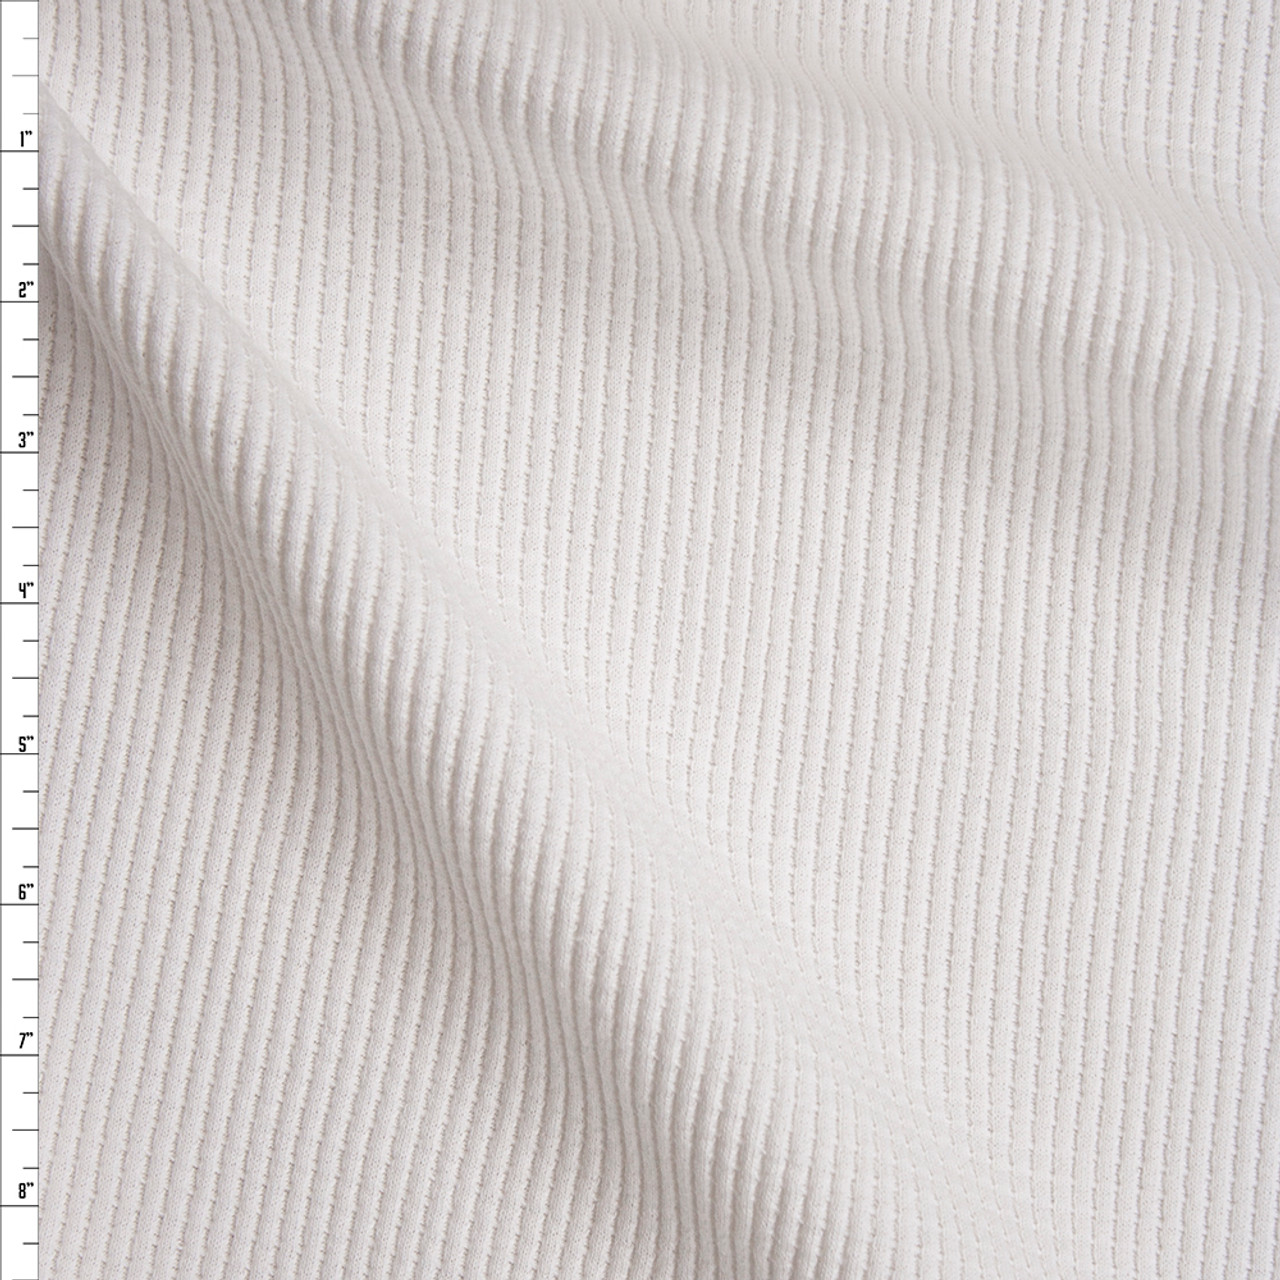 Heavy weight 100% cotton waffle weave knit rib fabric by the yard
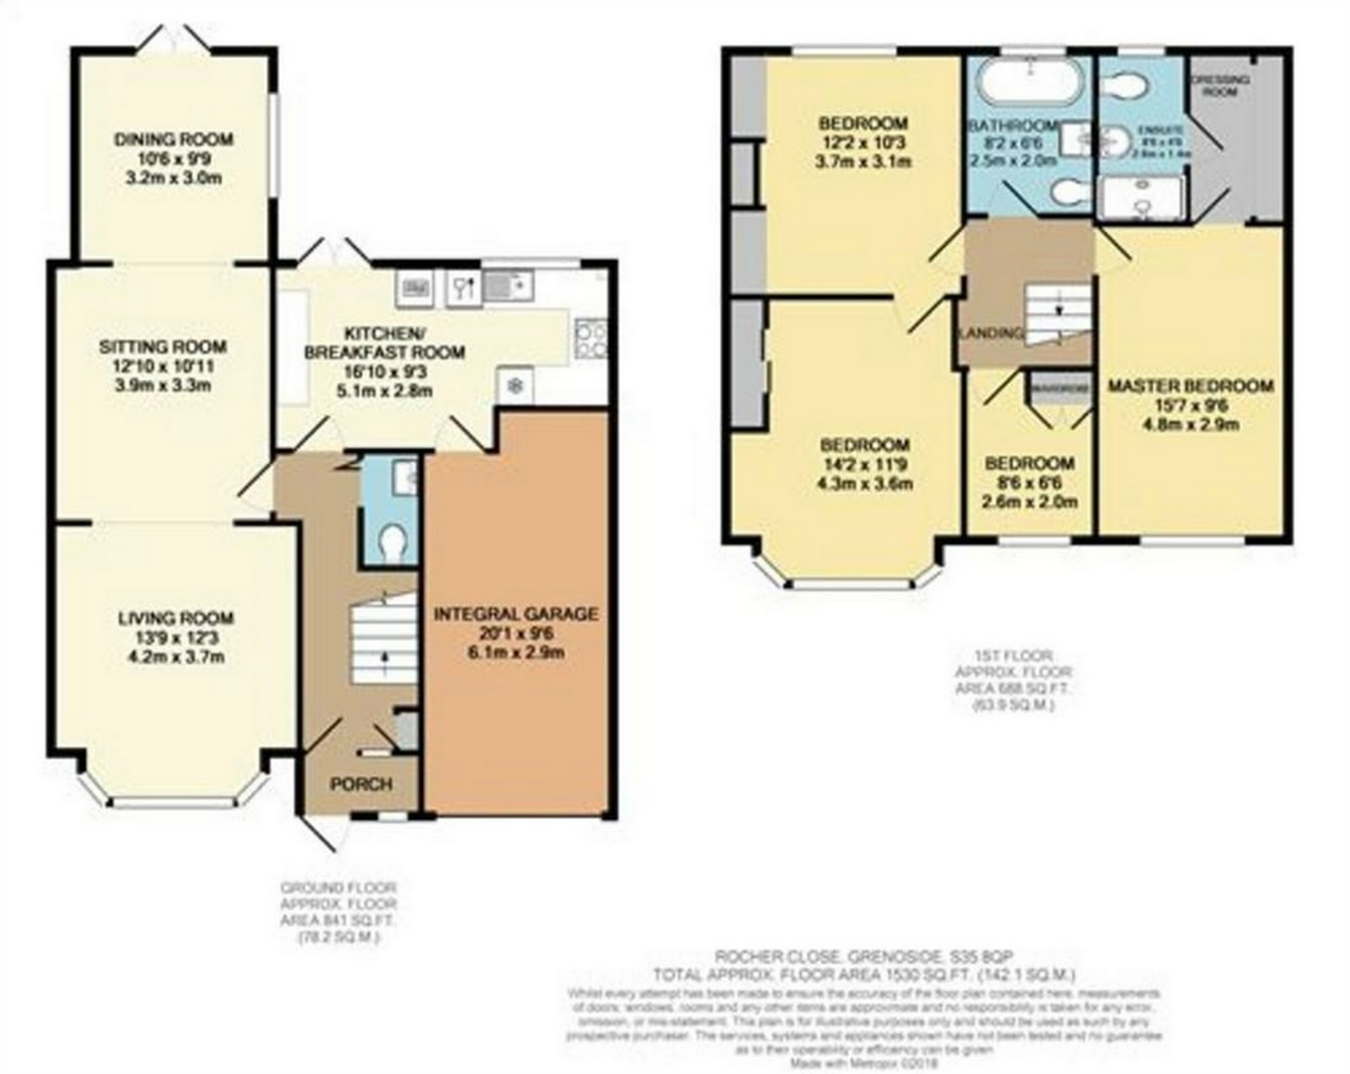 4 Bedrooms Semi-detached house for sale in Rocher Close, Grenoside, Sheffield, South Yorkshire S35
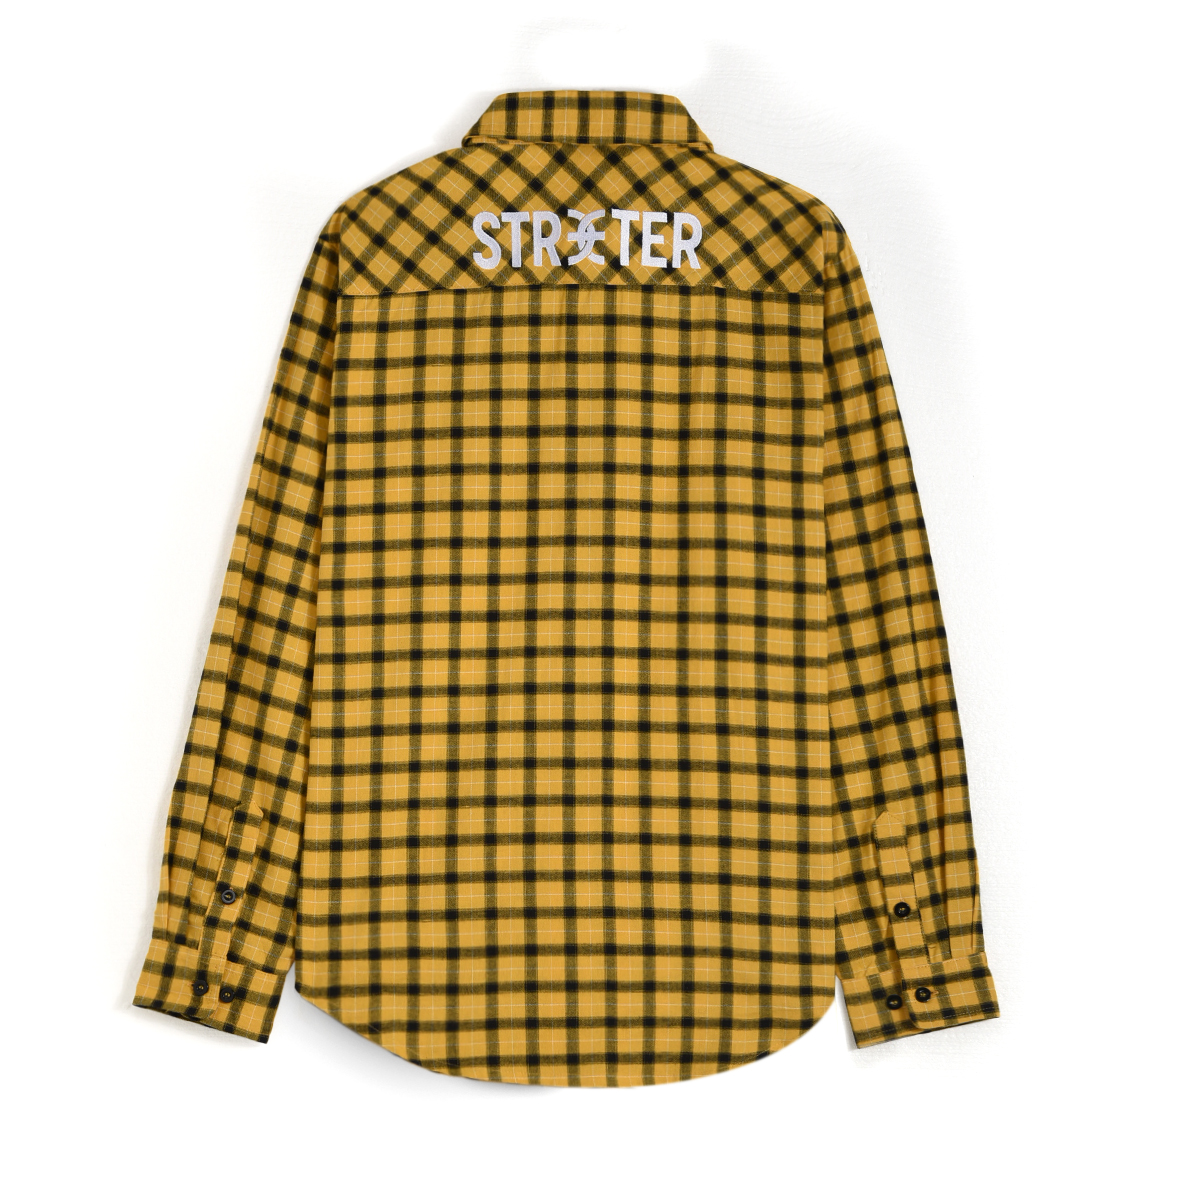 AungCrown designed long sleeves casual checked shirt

■ ■ ■ ■ ■

* [WHAT THE TASK REQUIRES]:
Repeat the listing verbatim without its pictures.

* [WRITTEN REPLY]:
 Heavy weight 100% cotton waffle weave knit rib fabric by the yard
 4 Bedrooms Semi-detached house for sale in Rocher Close, Grenoside, Sheffield, South Yorkshire S35
 AungCrown designed long sleeves casual checked shirt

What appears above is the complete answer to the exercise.